Image by Loreto Oyarte Gálvez, VU Amsterdam, AMOLFImage by Loreto Oyarte Gálvez, VU Amsterdam, AMOLF
By Scott Lyon
Feb. 26, 2025
For as long as plants have lived on land, fungi have sustained them. Beneath every giant sequoia, every wheat stalk, every black-eyed Susan, hidden webs of filigreed mycelia permeate the plants’ roots and tie them into the surrounding soil. The fungi’s hollow tendrils forage for nutrients, and they transport those nutrients to the plants’ roots in exchange for carbon, in the form of sugars and fats.

Our entire planetary ecosystem would cease to exist as we know it without this complex relationship. And yet the slow pace of growth and the subterranean environs make these organisms and their partnerships stubbornly hard to study.
Now an international team from multiple institutions including Princeton University has devised a way to watch these mycorrhizal fungi in stunning detail, revealing key mechanisms that have enabled them to solve extraordinary problems for roughly half a billion years.
“Under the ground, there are all these things happening that no one ever thinks much about because they don't see them,” said Howard Stone, Princeton’s Neil A. Omenn ’68 University Professor of Mechanical and Aerospace Engineering and one of the study’s authors.
Over the course of several years, a team of 28 researchers from the Netherlands, France and the United States pieced together a picture of, "not only how the architecture of these networks gets created, but also the fluid motions that are happening inside these long tubes, that are about one tenth the diameter of the human hair,” Stone said.
The closer one looks at these hairlike tubes, the more puzzling they become. The fluids carrying sugars and fats and those carrying phosphorous and nitrogen flow in two different directions within the same space, for one thing. And while these flows are largely consistent over the long run, in places they speed up and slow down, change directions, and solve all kinds of dynamic problems in ways that confound and inspire in equal measure.
The paper’s senior authors include evolutionary biologist Toby Kiers of Vrije Universiteit Amsterdam and the Society for the Protection of Underground Networks (SPUN); biophysicist Thomas Shimizu, a group leader at the AMOLF Institute in Amsterdam; and biologist Merlin Sheldrake of VU Amsterdam and SPUN.
The study, published Feb. 26 in the journal Nature, spelled out three main findings.

“First, the fungi favor opportunities in the future over gains in the short term,” Shimizu said in a video released by the researchers.
He said the fungi develop specialized growing tips that act as pathfinders, exploring new territory and pulling with them a massive network of “intricate, lacelike mycelium that is just dense enough to forage for phosphorous.
"That’s the commodity they can exchange for more carbon,” he added.

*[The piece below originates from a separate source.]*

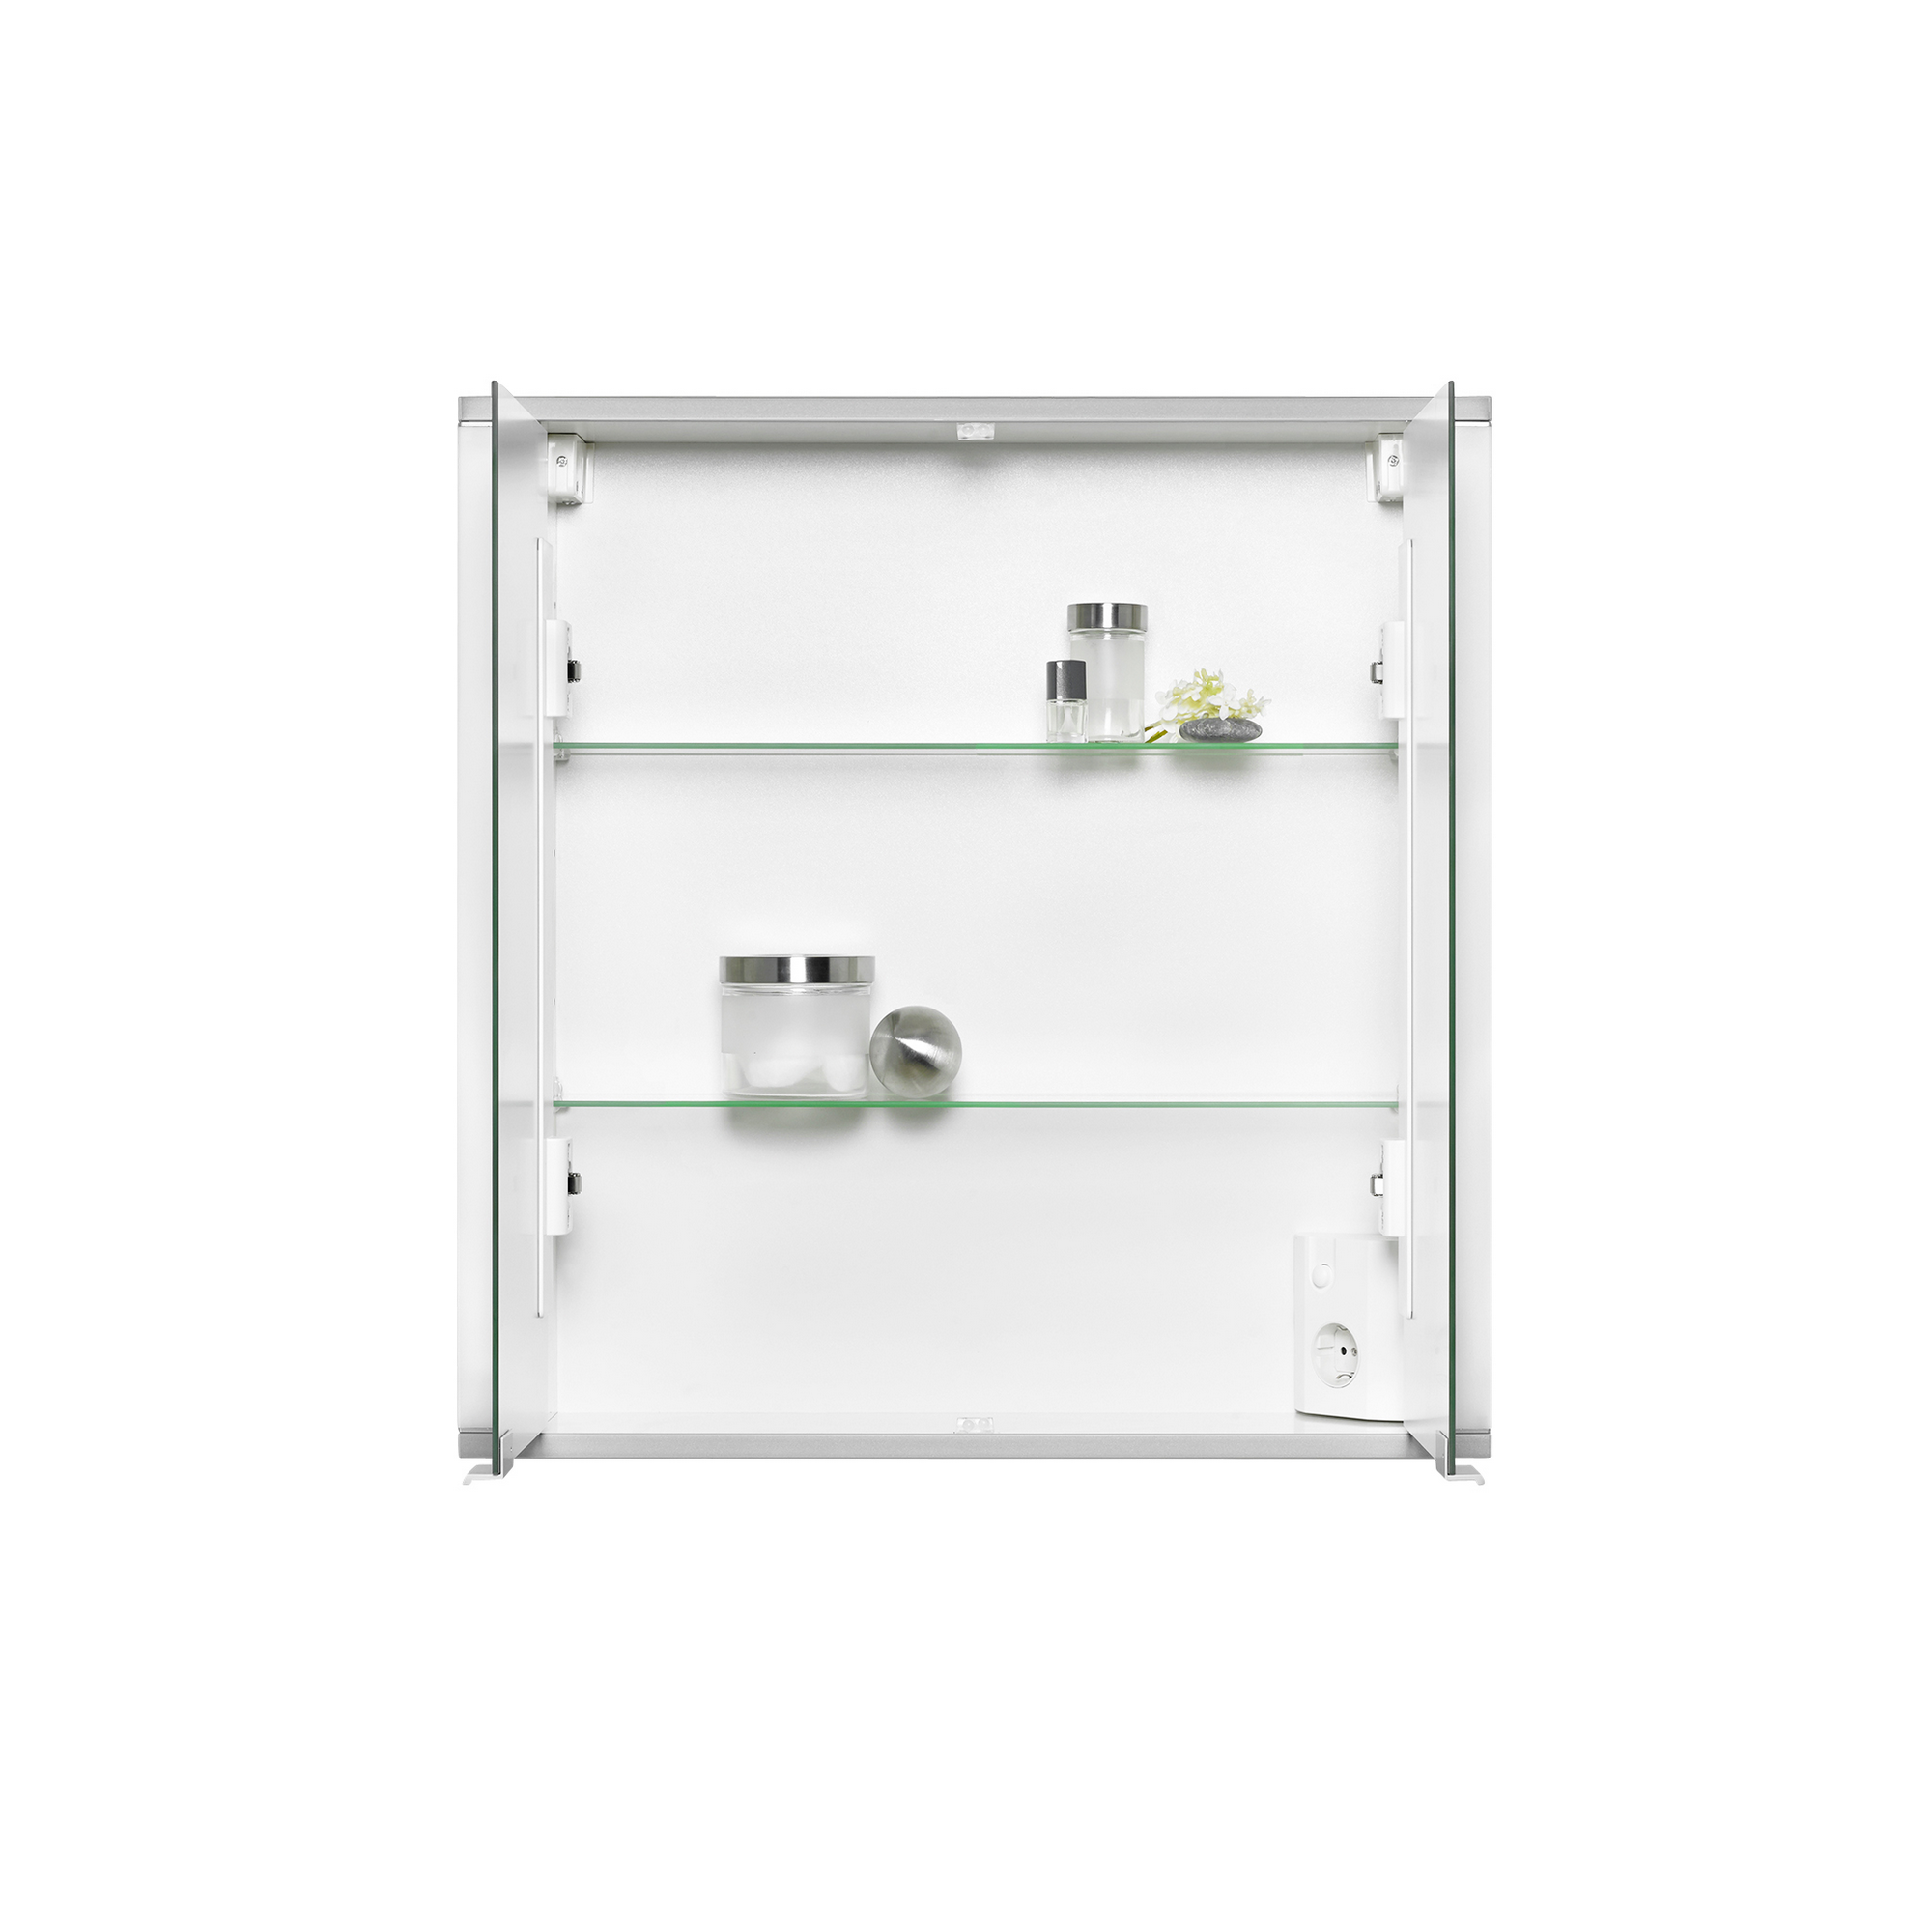 LED-Spiegelschrank 'Marno' weiß 65 x 66 x 15 cm + product picture

The networks are both expansive and efficient. They are responsible for storing around 13 billion tons of carbon dioxide every year, more than a third of global annual fossil fuel emissions, according to the researchers. The fungi use that carbon to grow and to weave structure into the soils, preventing erosion.

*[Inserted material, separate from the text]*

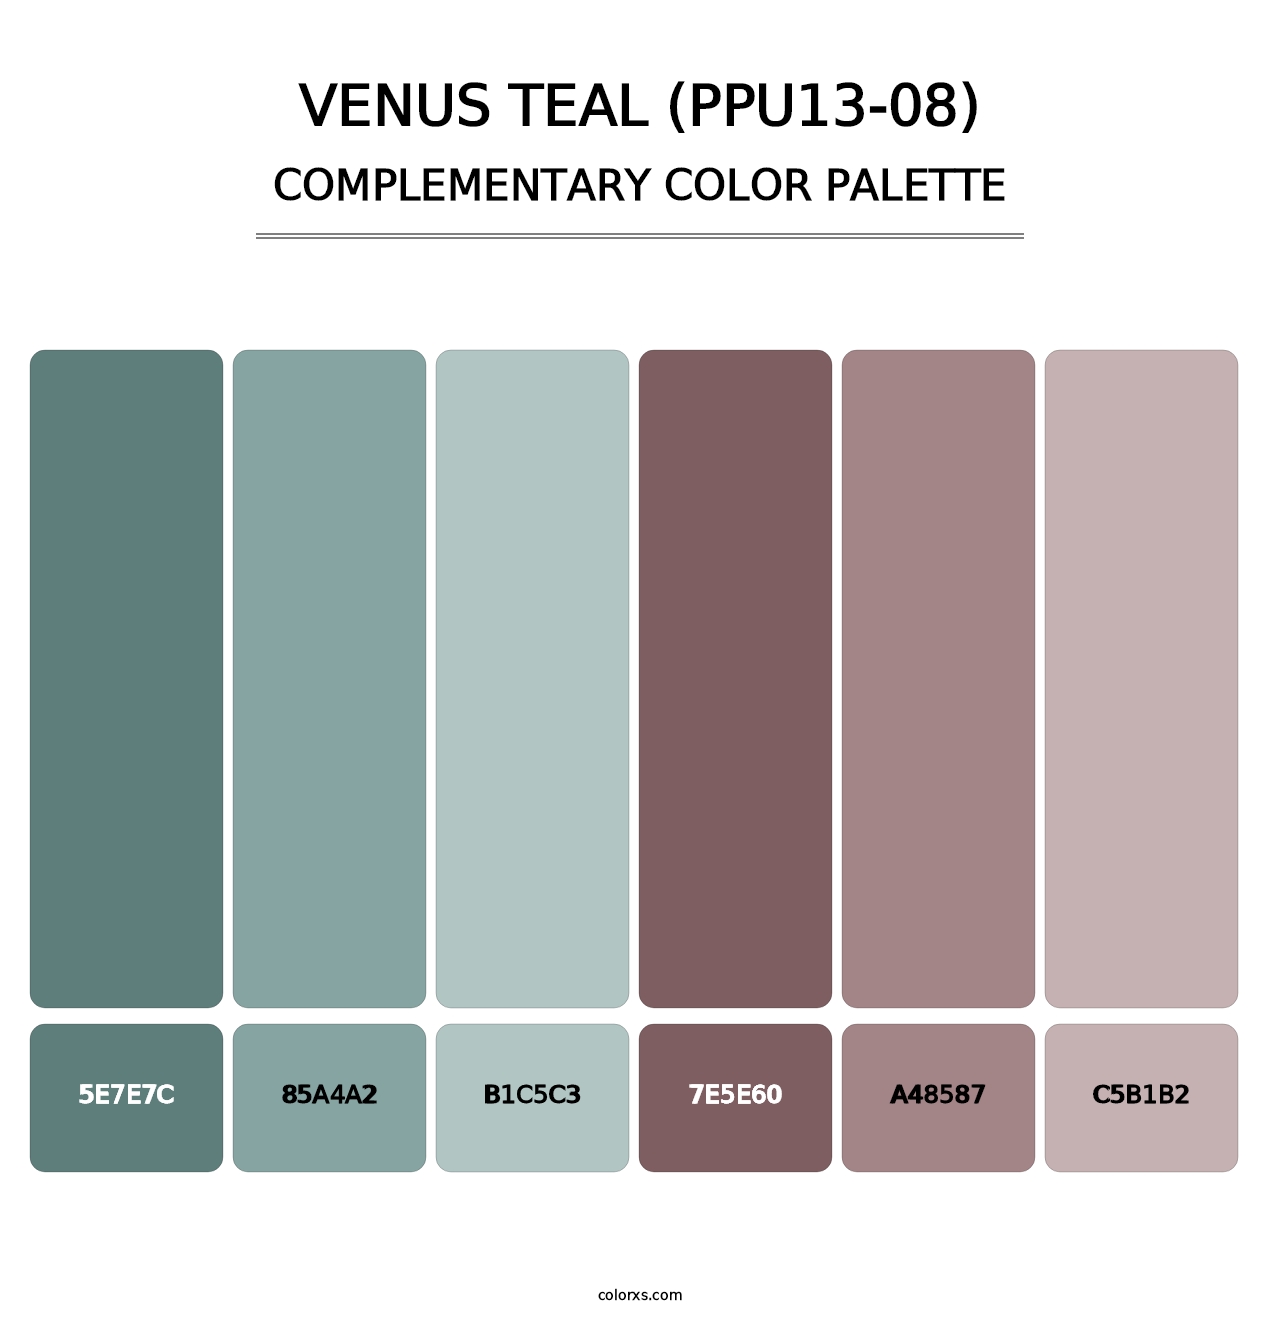 Venus Teal (PPU13-08) - Complementary Color Palette

Kiers, the chief scientist and executive director at SPUN, said the study's second finding is the most interesting: that the nutrient-rich fluids inside the hyphae move in two directions at the same time.

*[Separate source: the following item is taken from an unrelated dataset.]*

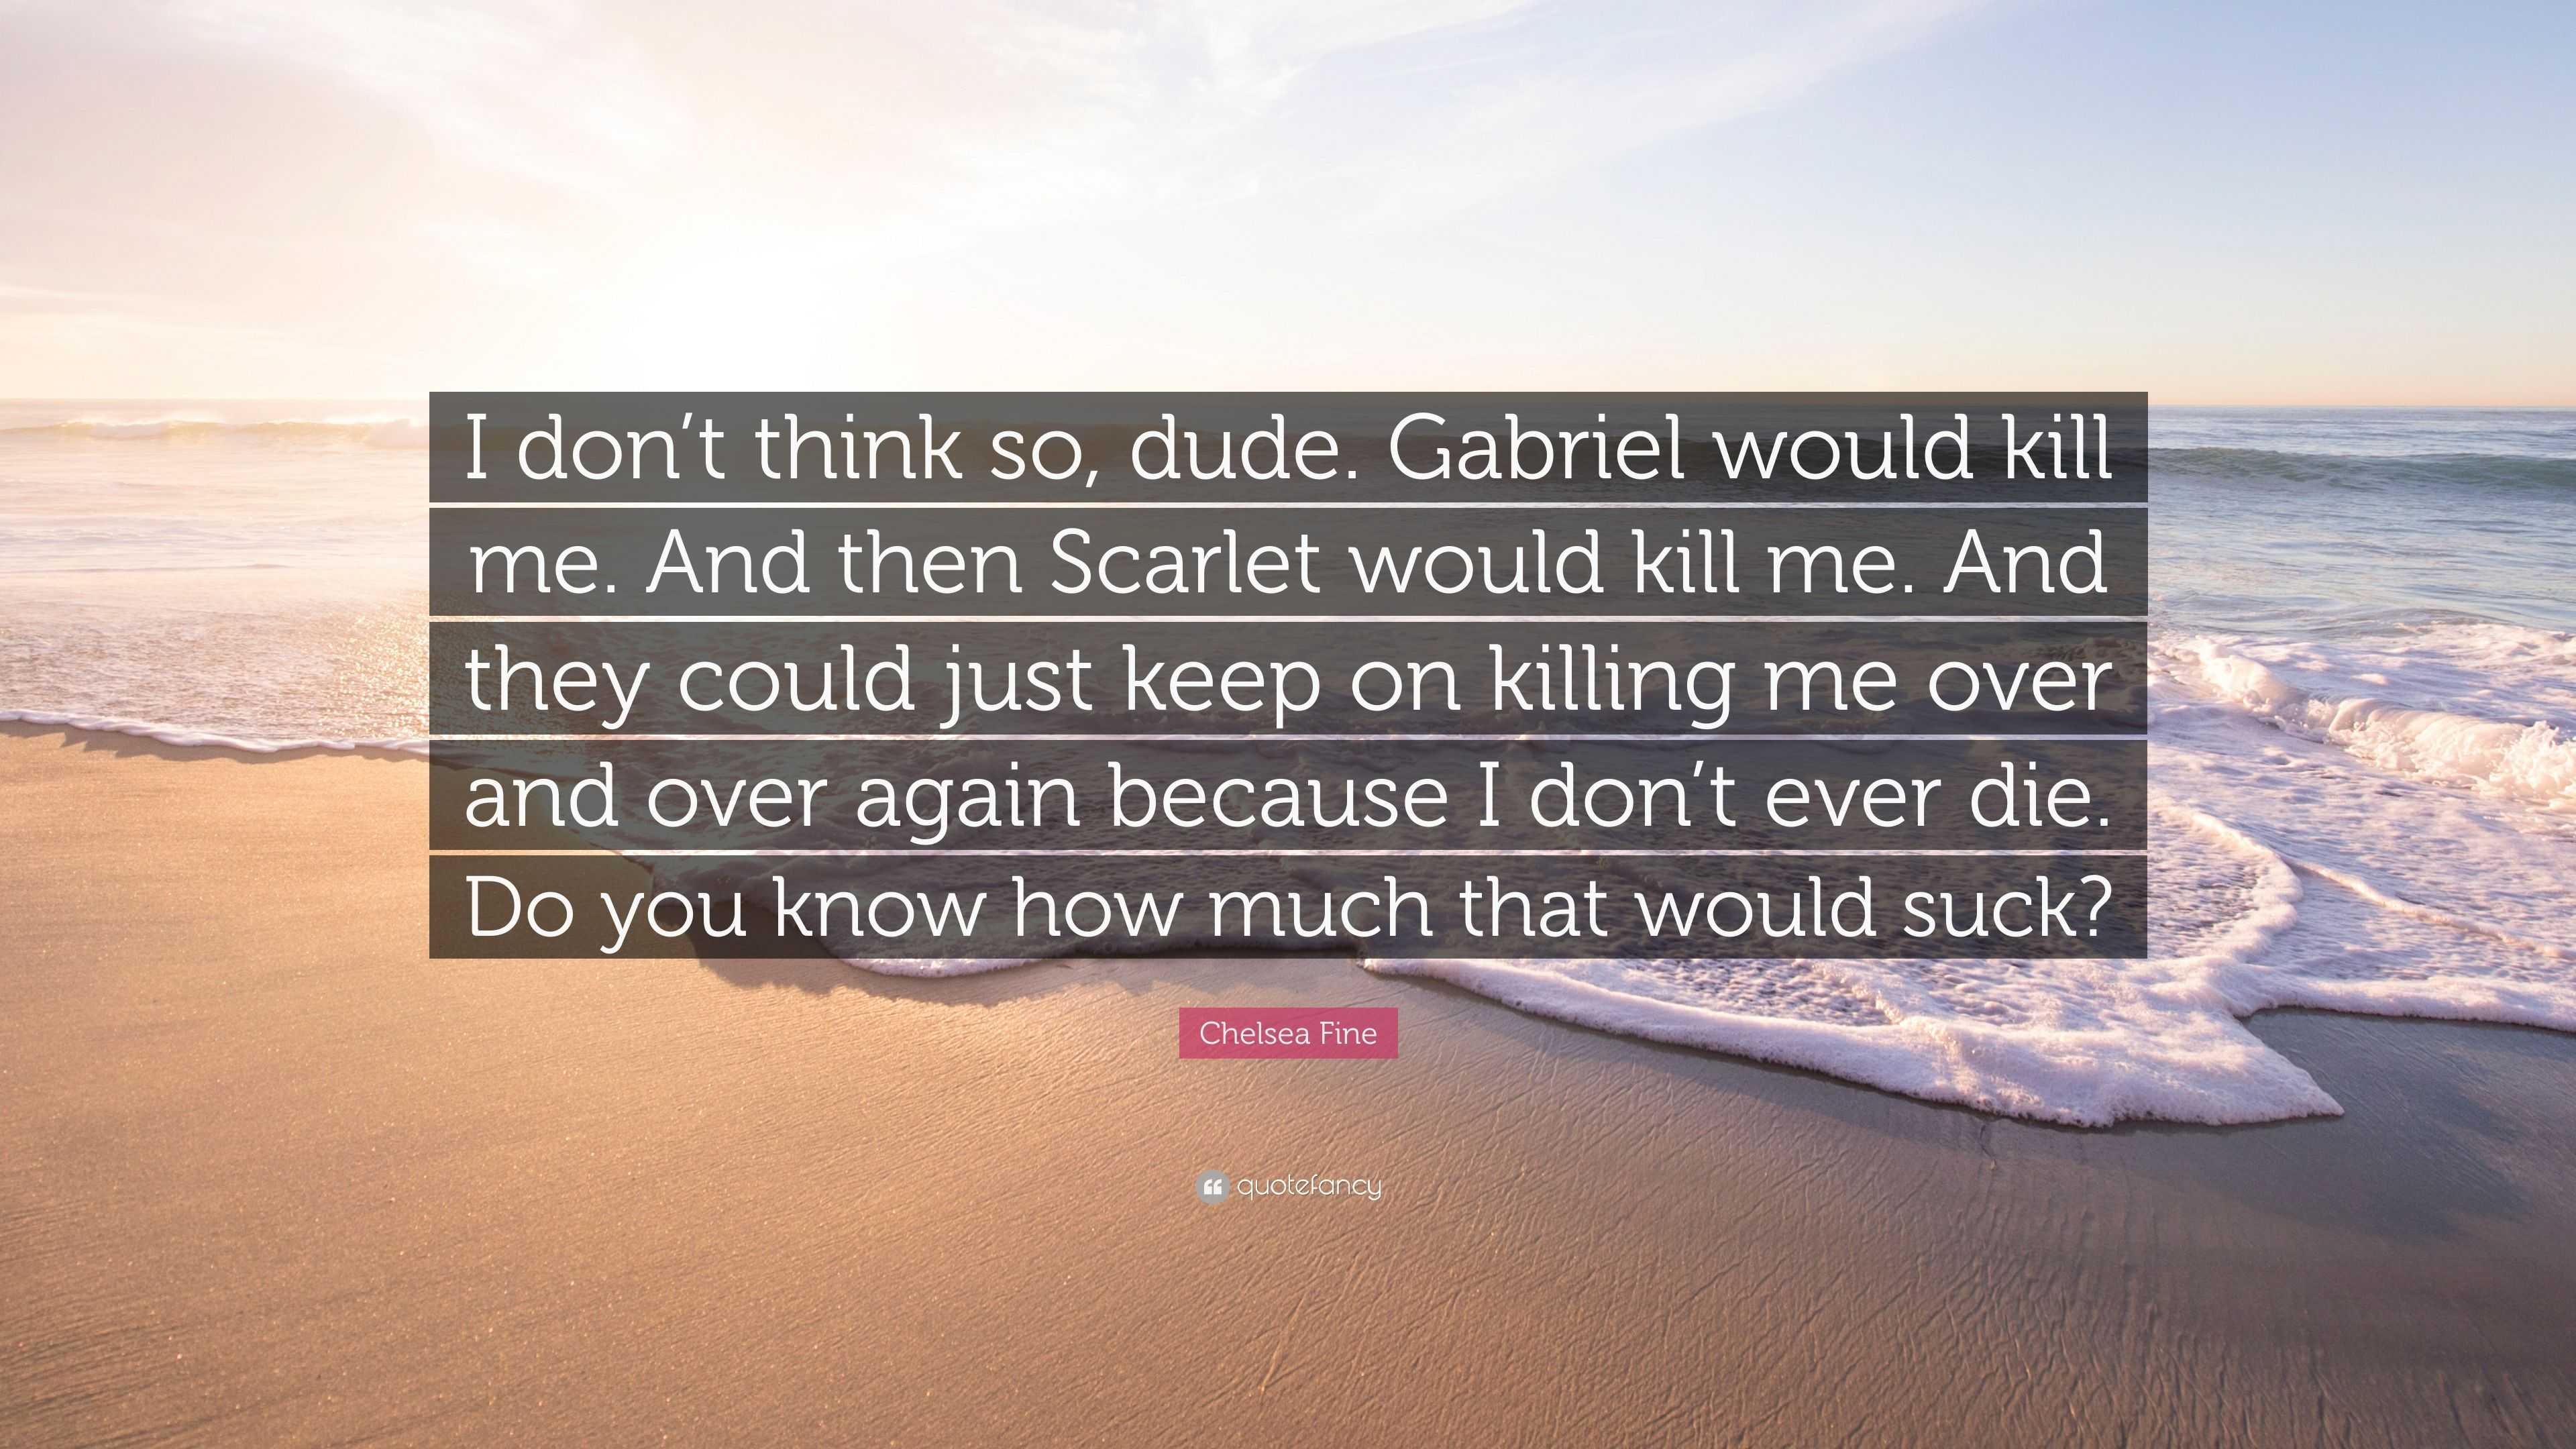 Chelsea Fine Quote: “I don't think so, dude. Gabriel would kill me. And  then Scarlet would kill me. And they could just keep on killing me ov”

“We know that two-way traffic is more efficient than one-way traffic, but it can also be prone to congestion,” she said.
By following around 100,000 trajectories, the team discovered that the fungi adapt to congestion by widening and increasing their flows in areas with greater demand for resources, such as near plant roots.
As Kiers put it in a popular TED Talk, they trade where demand is high.
The third finding is that the fungi don’t rely on centralized decision making but instead leverage local conditions to define behaviors. “For example, when a growing tip encounters another branch of the network, they bump into each other and they just fuse,” Shimizu said. It’s an “elegant strategy for avoiding overbuilding,” he said, while balancing the need to extract nutrients and explore new areas.

The team used a specially designed robotic microscopy system that automated data collection and worked round the clock for nearly three years, allowing them to analyze more than 30 times the amount of data they would have been able to collect manually, according to Shimizu.
And it was that volume of data that enabled this view into how these fungi live and work: how they have sensed their environments, regulated themselves, solved complex transportation and trade problems and sustained plant life for hundreds of millions of years.

The paper, “A travelling-wave strategy for plant-fungal trade,” was published on Feb. 26 in the journal Nature with the DOI 10.1038/s41586-025-08614-x. The study was funded in part through the High Meadows Environmental Institute’s Biodiversity Grand Challenges Fund, the Human Frontier Science Program, Netherlands Organization for Scientific Research, the Grantham Foundation, the Paul Allen Foundation and the Schmidt Family Foundation.